AdvaMed CEO Scott Whittaker and head of regulatory affairs Janet Trunzo discussed the legislative proposal during a conference call with reporters on Thursday. The industry group began discussing the proposal with members of Congress earlier this week, Whittaker said.
The proposal seeks to address the inevitable backlog of premarket submissions to FDA’s Center for Devices and Radiological Health (CDRH) because of a government shutdown by ensuring the work on applications continues, and that patient access to medical technologies is safeguarded. The proposal comes as the US faces the longest government shutdown in history.

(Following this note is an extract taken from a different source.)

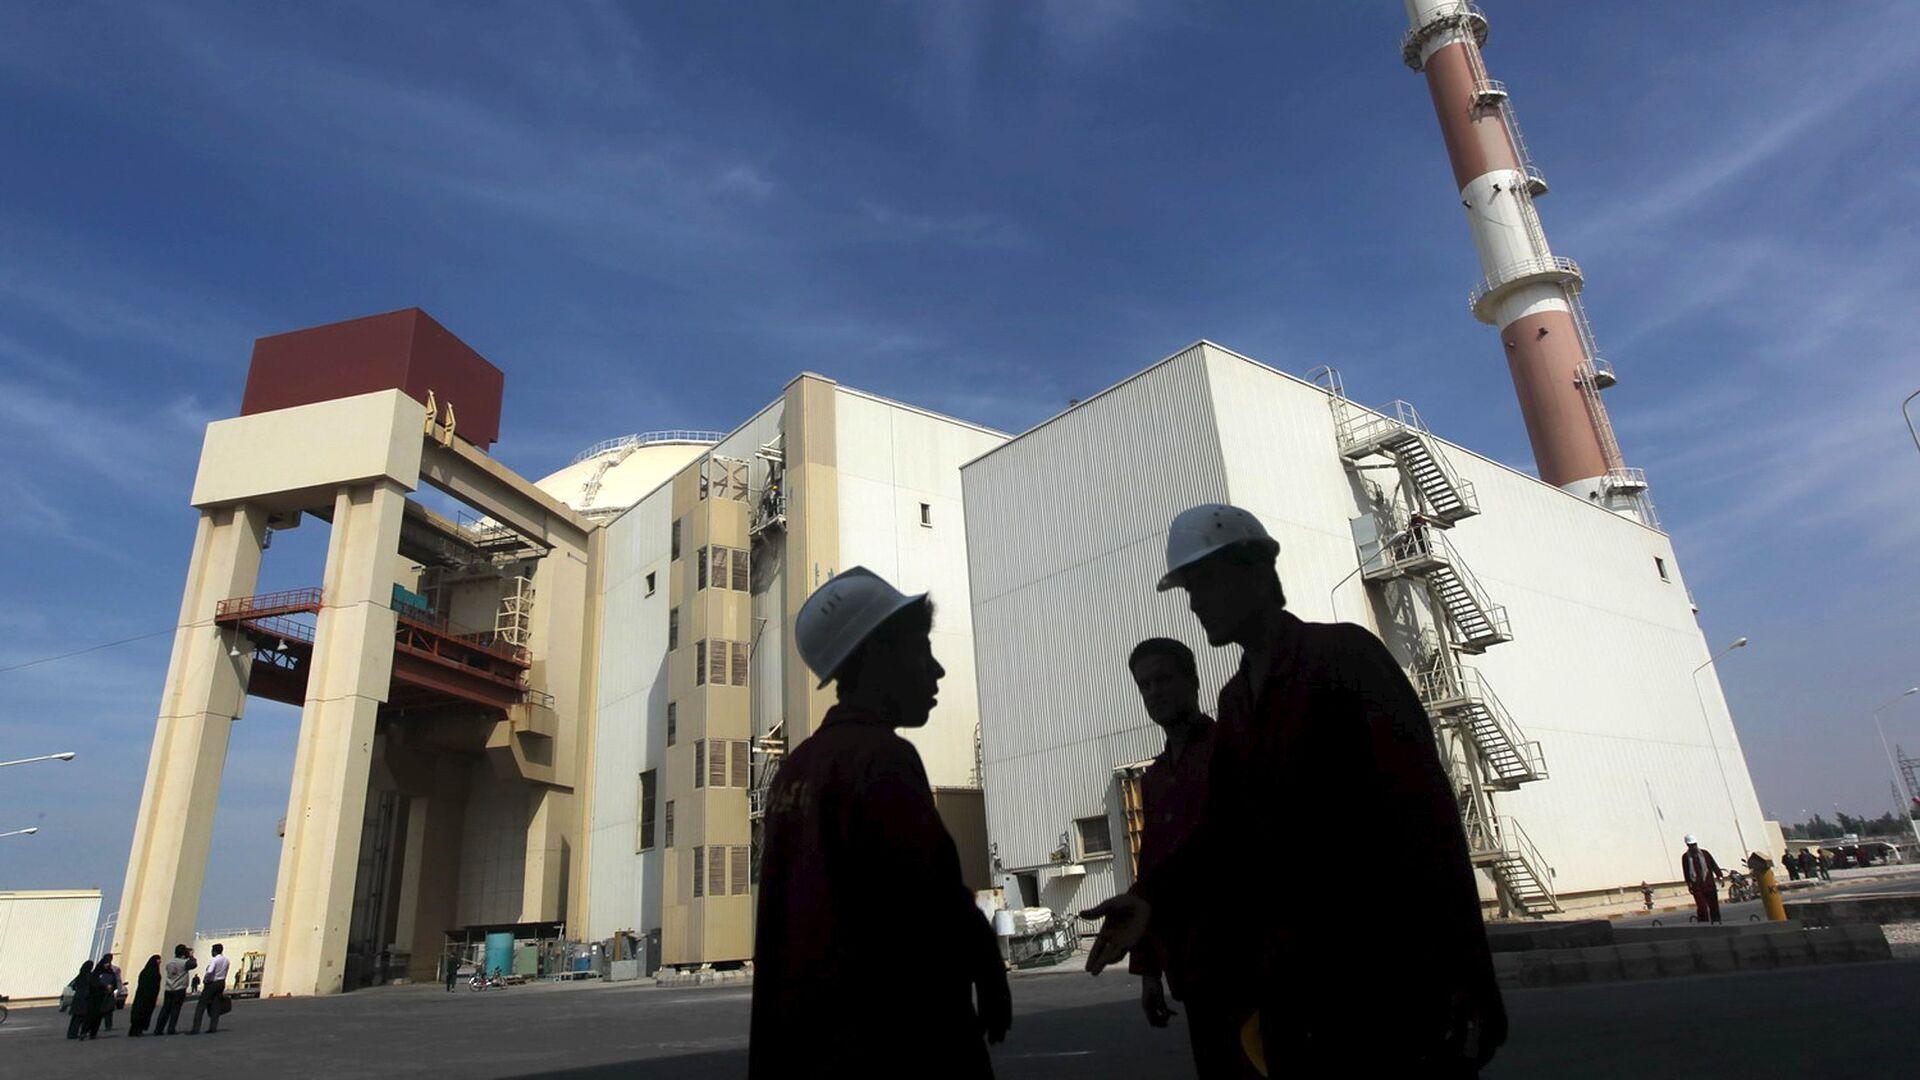 La central nuclear de Bushehr en Irán - Sputnik Mundo, 1920, 29.03.2021

Whittaker noted that CDRH has historically received about 300 applications for devices in just one month. These include 290 510(k) submissions, five premarket approval applications and five de novo classification requests on average. But “the longer the shutdown goes on, the more and more the backlog will build up and for us, that is a real concern,” Whittaker added. This is because FDA cannot accept user fees in a shutdown so any new submissions “just sit there.”
As a result of the lapse in appropriations, several from FDA
and industry have estimated that CDRH will run out of Medical Device User Fee Amendment
user fees within two months. The best case scenario for these funds is three months, Whittaker argued.
The industry group’s proposal is two-fold. The first component of the proposal relates to allowing the agency to “continue processing new device applications and their associated user fees during a lapse in appropriations,” whereas the second calls for enabling the agency to “tap into” an existing pool of unused user fees for continued user fee-related work. “These fees accumulate each year and at the end of FY 2017 amounted to $7.5 million,” AdvaMed said.
Howard Sklamberg, a partner at Akin Gump Strauss Hauer & Feld, discussed some additional details around FDA’s budget during a live webinar hosted by the Food and Drug Law Institute on Thursday.
Based on his past experience as an FDA compliance director during the government shutdown in 2013, Sklamberg argued that user fee funds “are quite fluid” compared to appropriations in place and the “lines are somewhat difficult to draw” so FDA “is probably prioritizing the work that it can do” regarding user fee programs. FDA is going to have a lot of submissions to deal with after the shutdown is over and this is going to impact how backlogged devices will be evaluated over time, Sklamberg said.